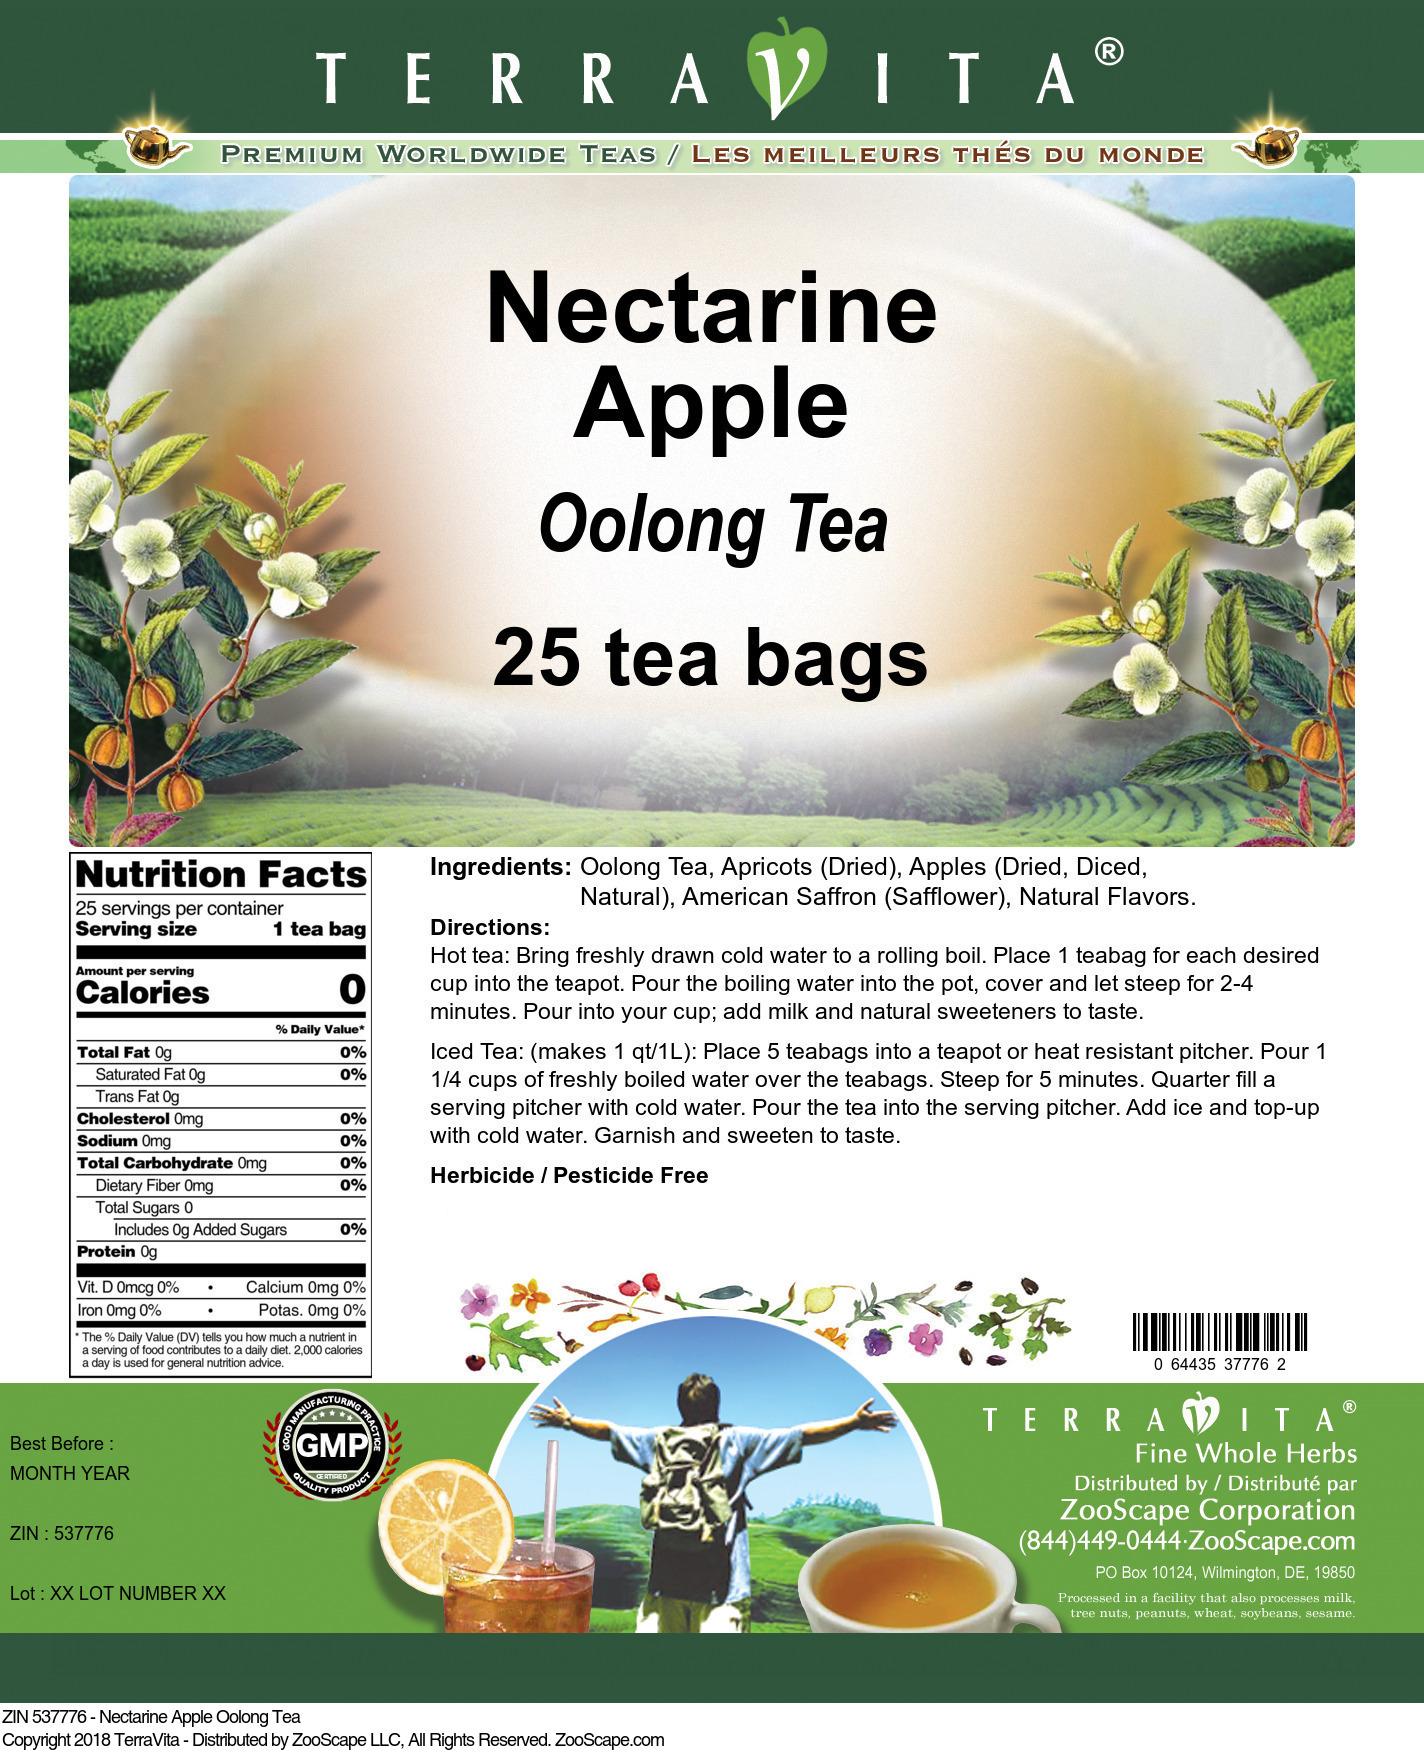 Nectarine Apple Oolong Tea
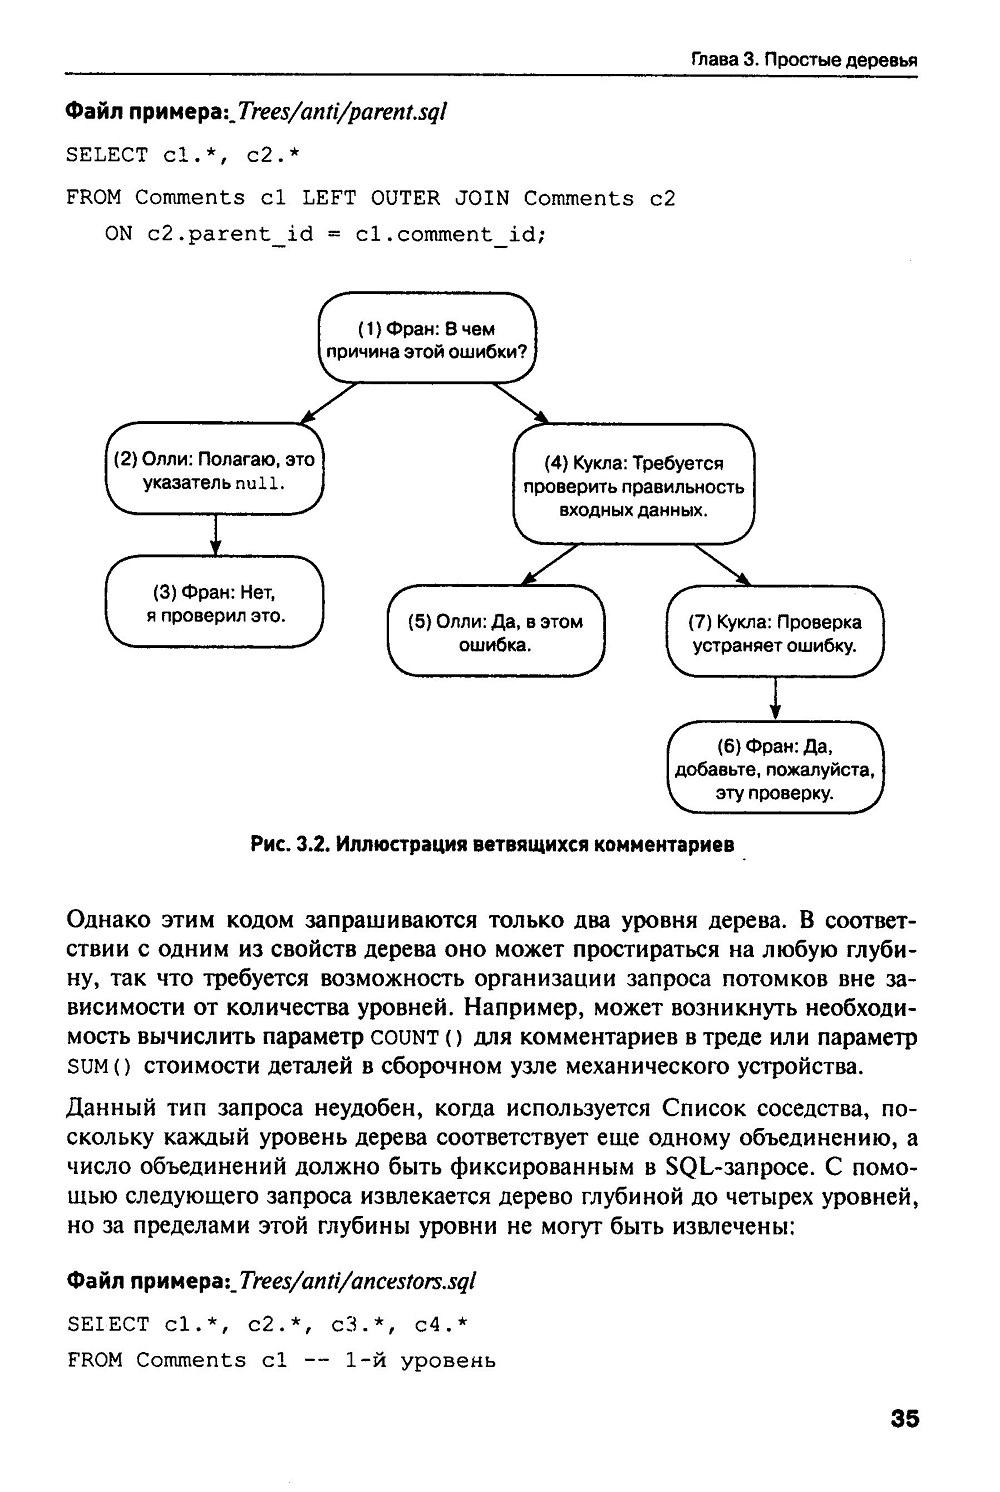 http://i2.imageban.ru/out/2014/01/20/6bbebc5a05d1b414962e415210c5a455.jpg
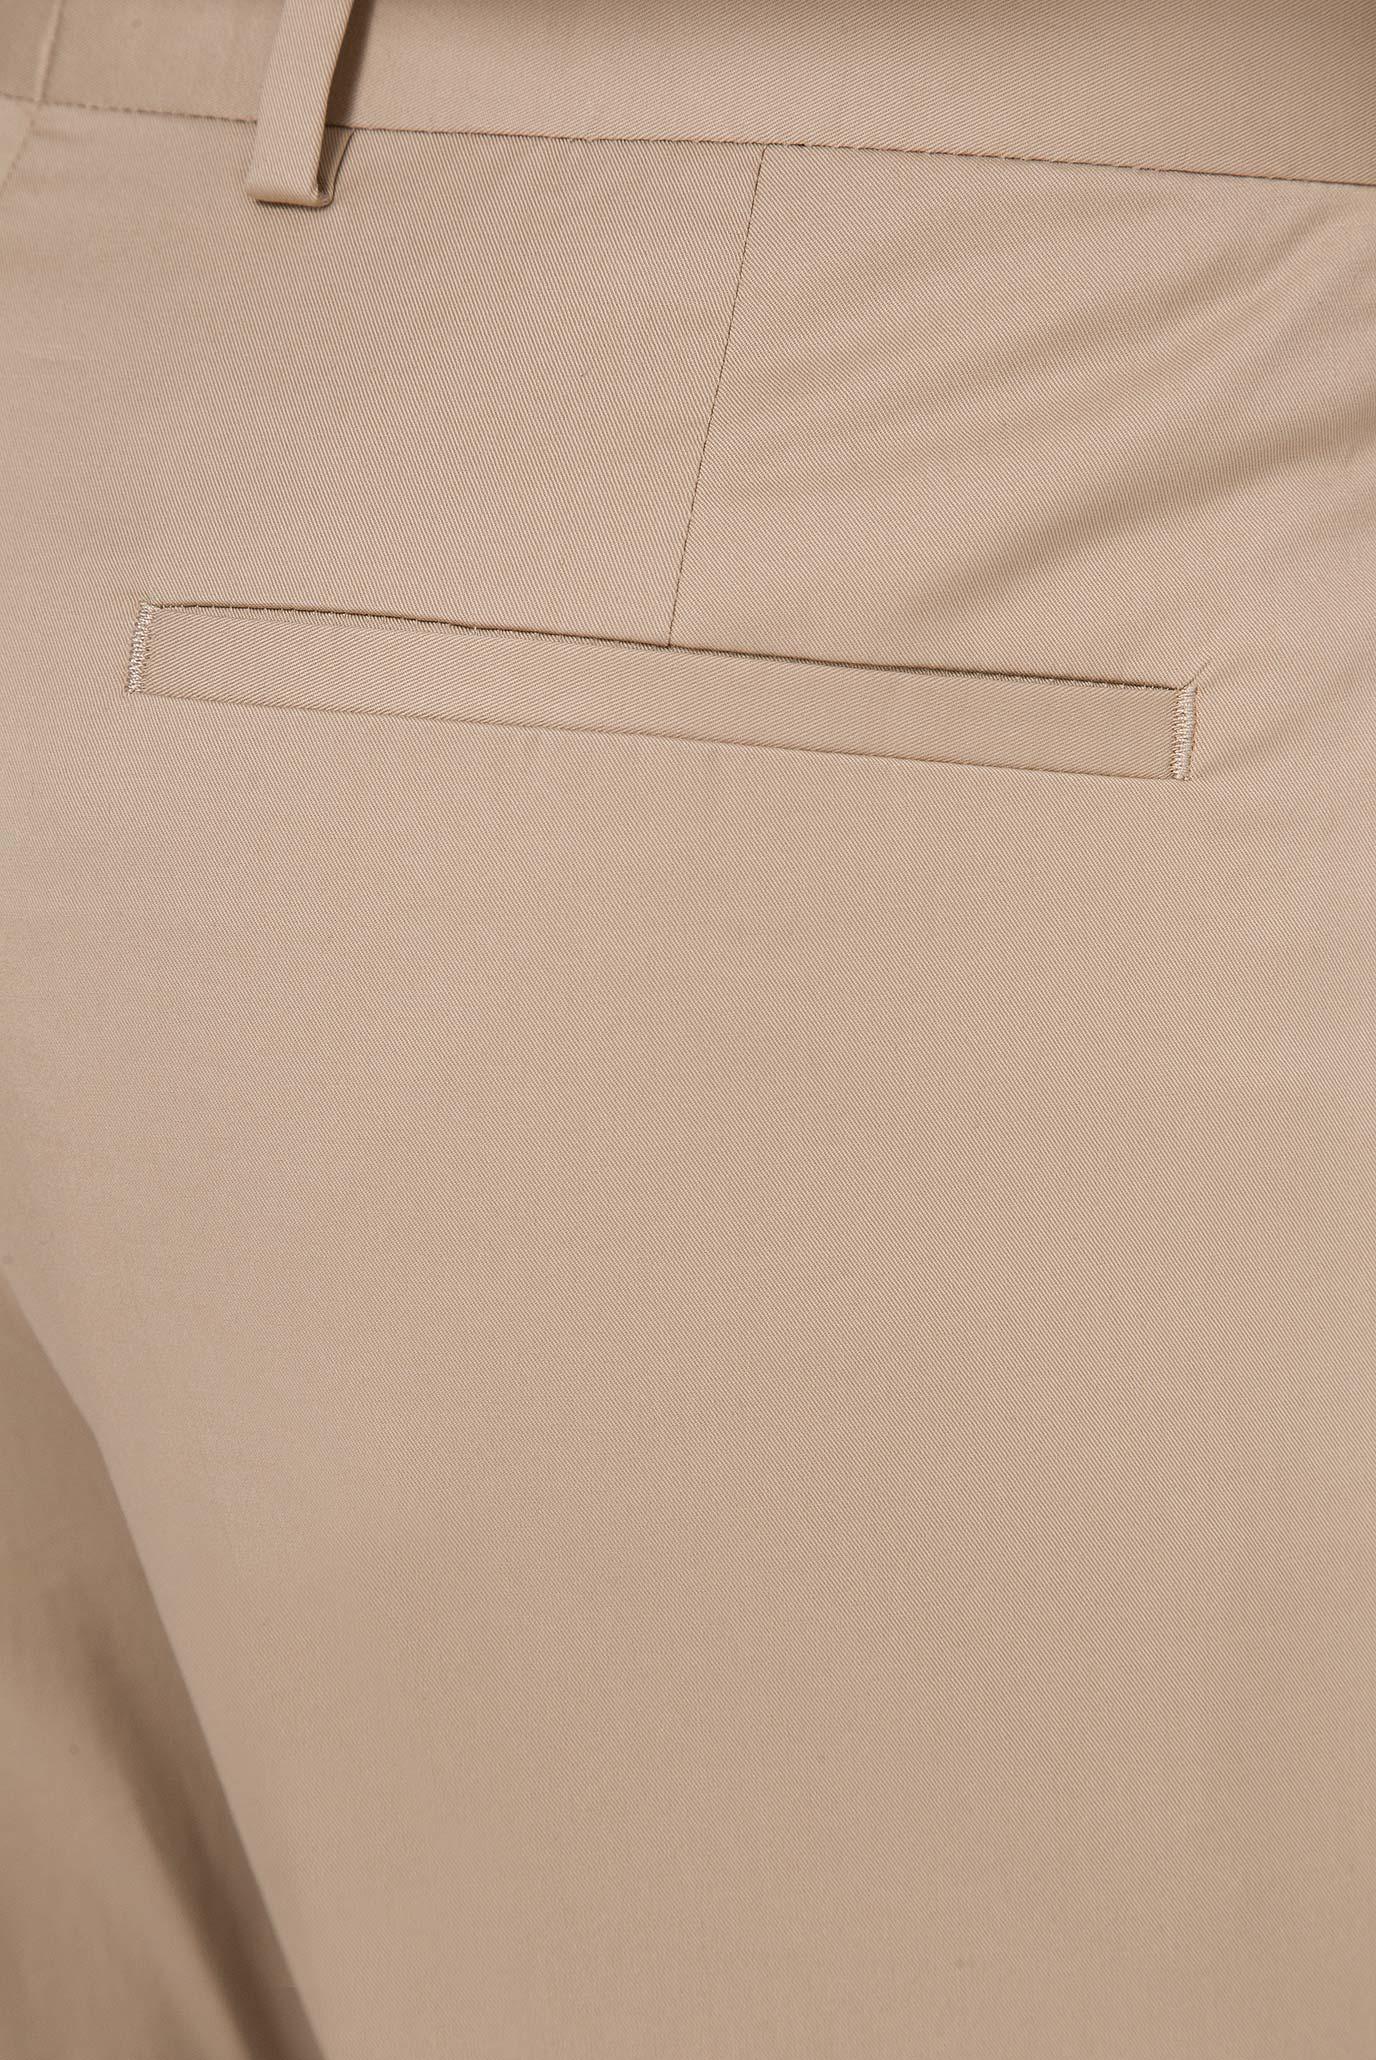 Купить Мужские бежевые чиносы FINE SUMMER COTTON TWILL PANT Calvin Klein Calvin Klein K10K103450 – Киев, Украина. Цены в интернет магазине MD Fashion

* **TASK DESCRIPTION**:
Transcribe all of the material exactly, leaving out whatever pictures it contains.

* **ANSWER TO THE PROBLEM**:
 Nectarine Apple Oolong Tea
 http://i2.imageban.ru/out/2014/01/20/6bbebc5a05d1b414962e415210c5a455.jpg
 Купить Мужские бежевые чиносы FINE SUMMER COTTON TWILL PANT Calvin Klein Calvin Klein K10K103450 – Киев, Украина. Цены в интернет магазине MD Fashion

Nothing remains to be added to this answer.